You’d think retention bonuses were the only way to keep and motivate your best people. At least, that’s what AIG would have us believe. But open, honest communication all the time is better for retaining employees during the current recession and best for any organization in the long run.

Paul B. Brown, in a recent column titled “How to Lead in Tough Times” has accumulated leadership advice that is good for any time. This is my synopsis of what he wrote:

  • Get out in front of negative events so that the rumor mill doesn’t make things worse than they already are. This is particularly difficult to do in this age of instant messaging, which makes it all the more important to be transparent.
  • Put things in perspective so that everyone understands events in the context of the ups and downs of business over time.
  • Involve employees in identifying opportunities to reduce costs and increase revenue.
  • Be positive and optimistic.
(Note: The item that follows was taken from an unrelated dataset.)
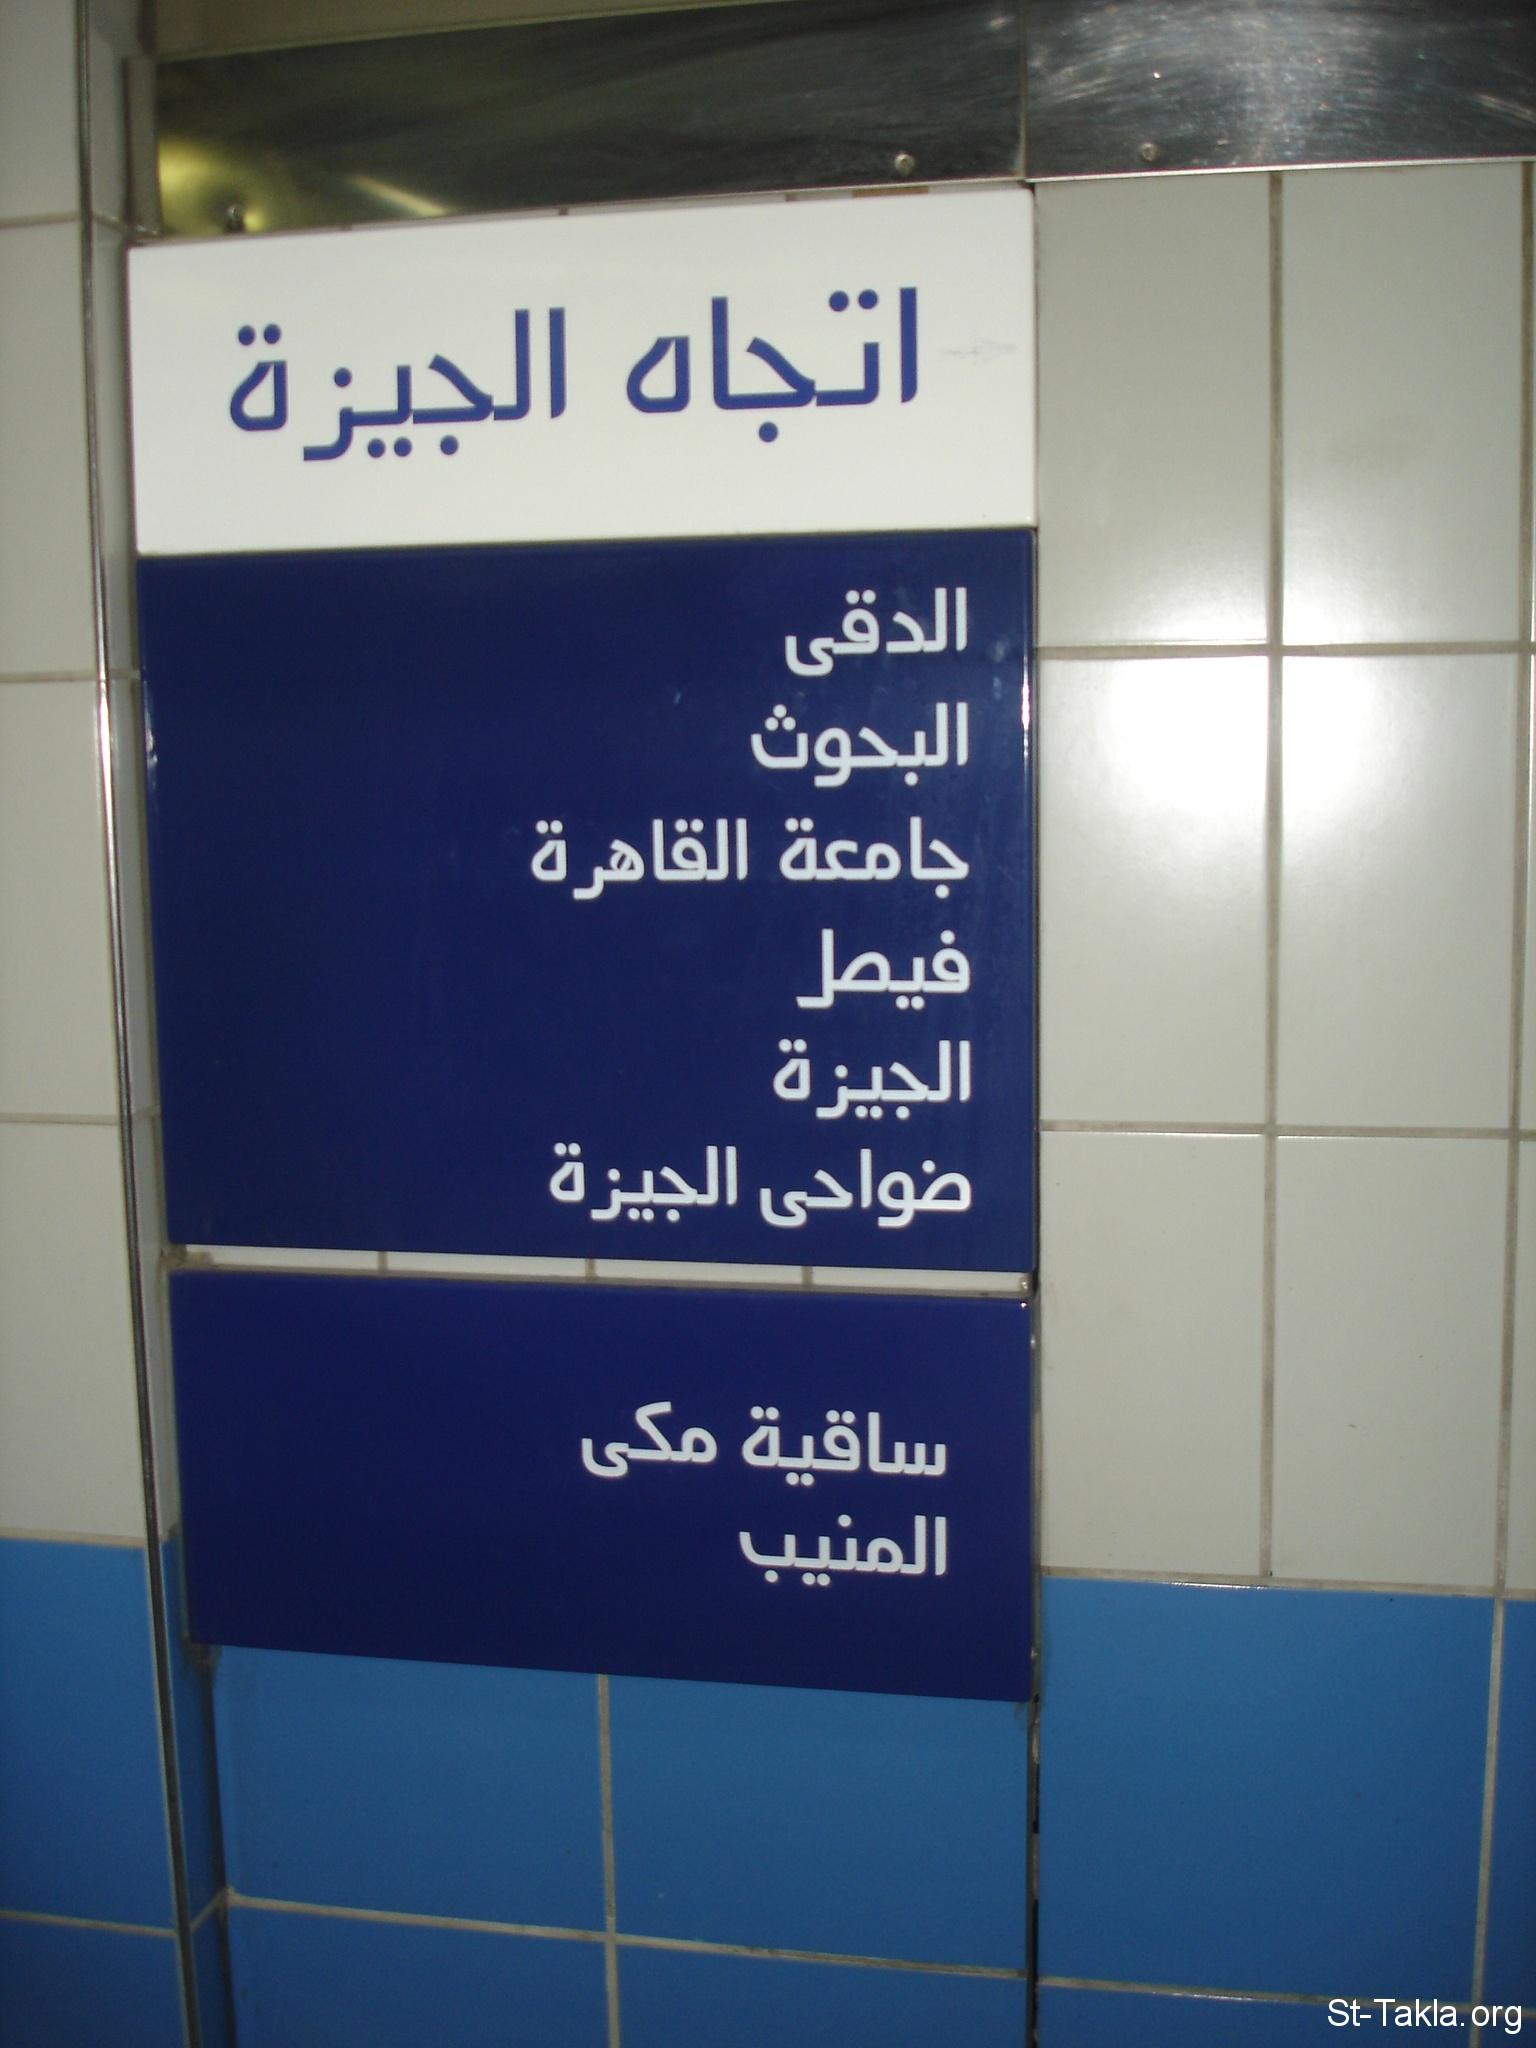 httpst-taklaorgGalleryvaralbumsEgyptgovernorates01-cairometrowww-St-Takla-org--cairo-metro-12jpgm1419425469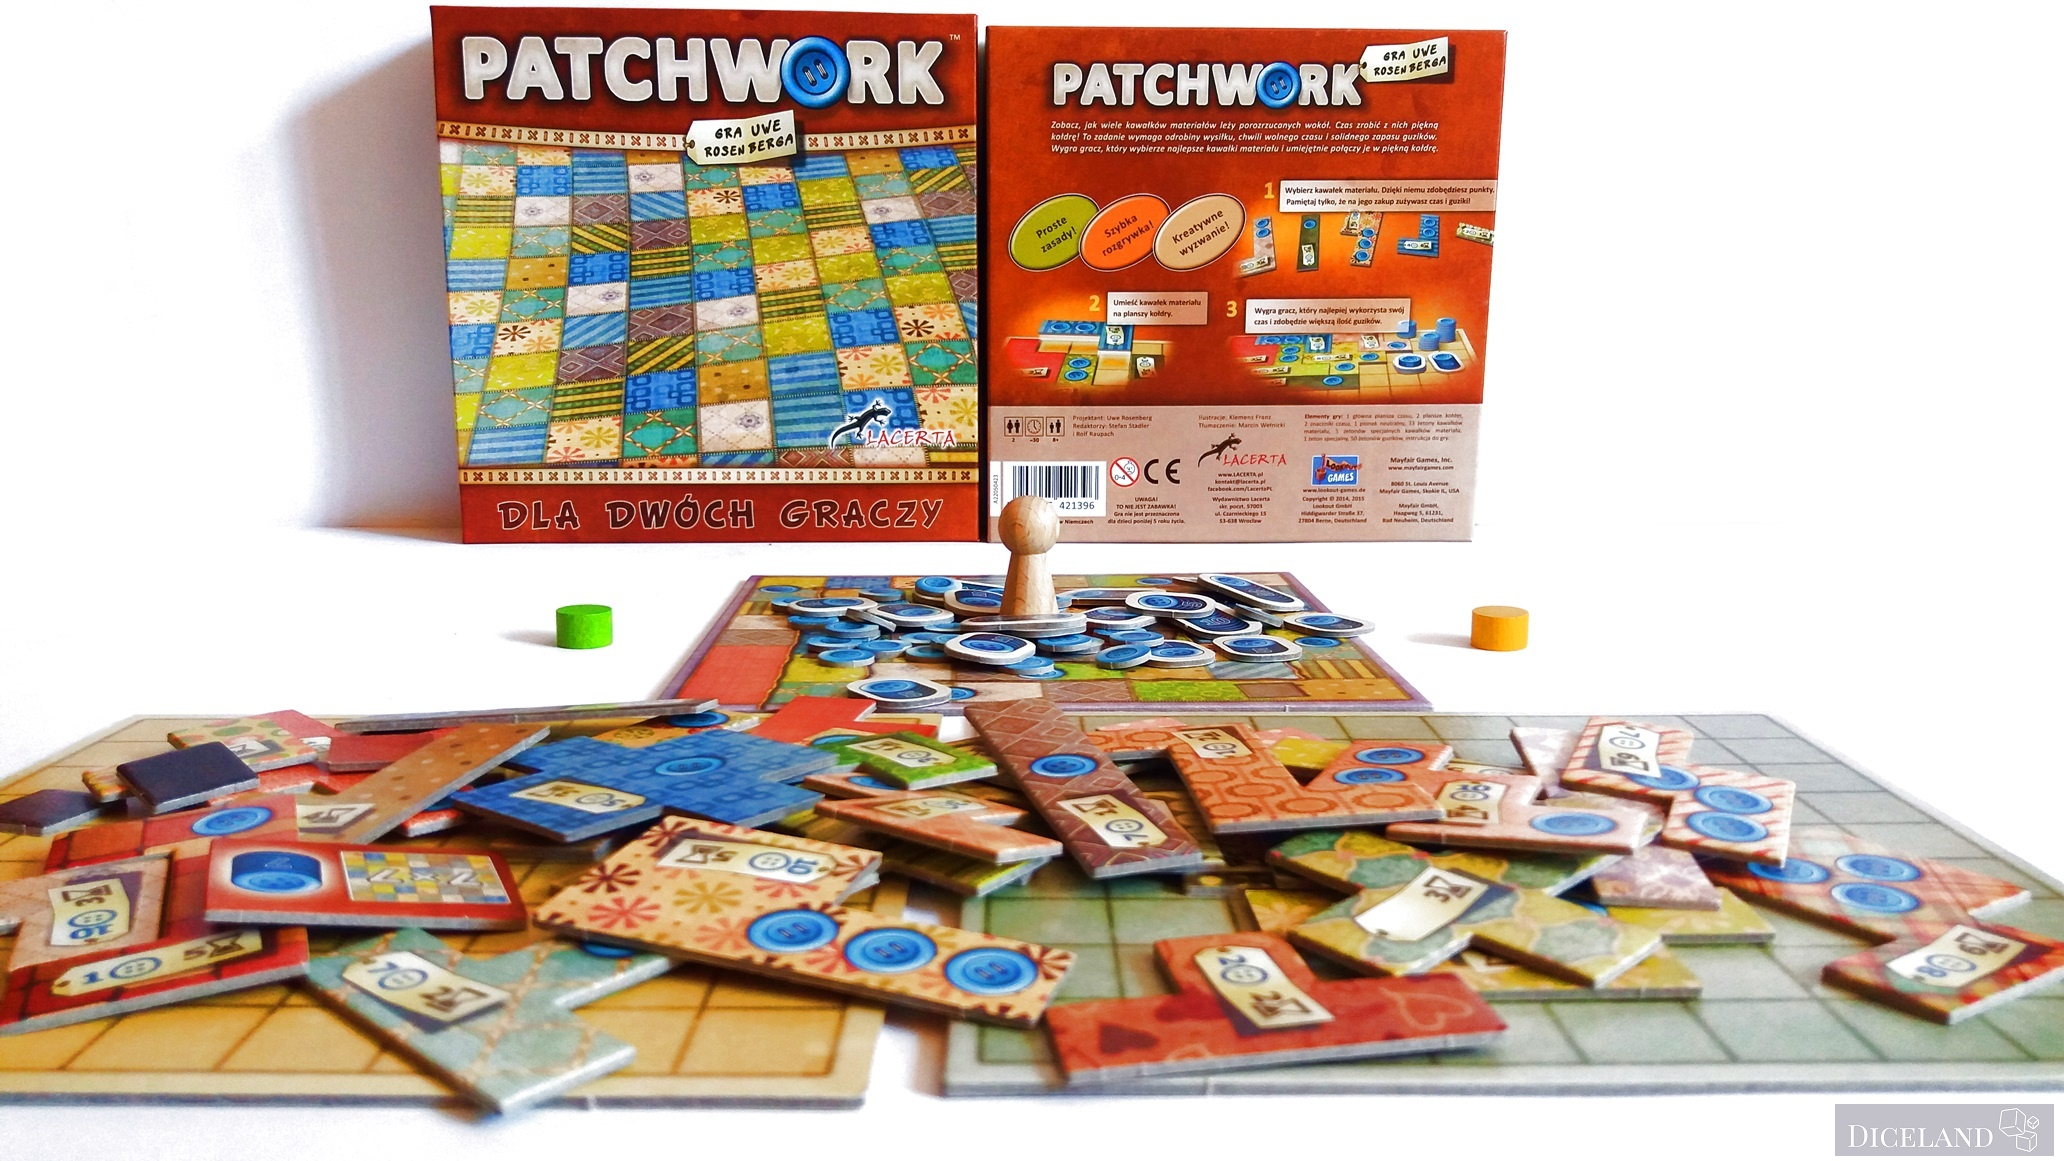 Patchwork 21 Recenzja #9 Patchwork

If you can’t be, stay away.
  • Tell your best people how important they are to the organization and how much you need them to make the company successful over the long run.
  • Volatility, uncertainty, and complexity will continue to be the norm, not the exception. Keep focused on your destination while being flexible about how to get there.
  • Get the truth out in the open so that everyone can deal with it. Contrary to what Colonel Jessep said in A Few Good Men, your best employees can handle the truth.

In summary, Brown quotes F. Scott Fitzgerald (Esquire, 1936): “The test of a first-rate intelligence is the ability to hold two opposed ideas in the mind at the same time and still retain the ability to function. One should, for example, be able to see that things are hopeless and yet be determined to make them otherwise.”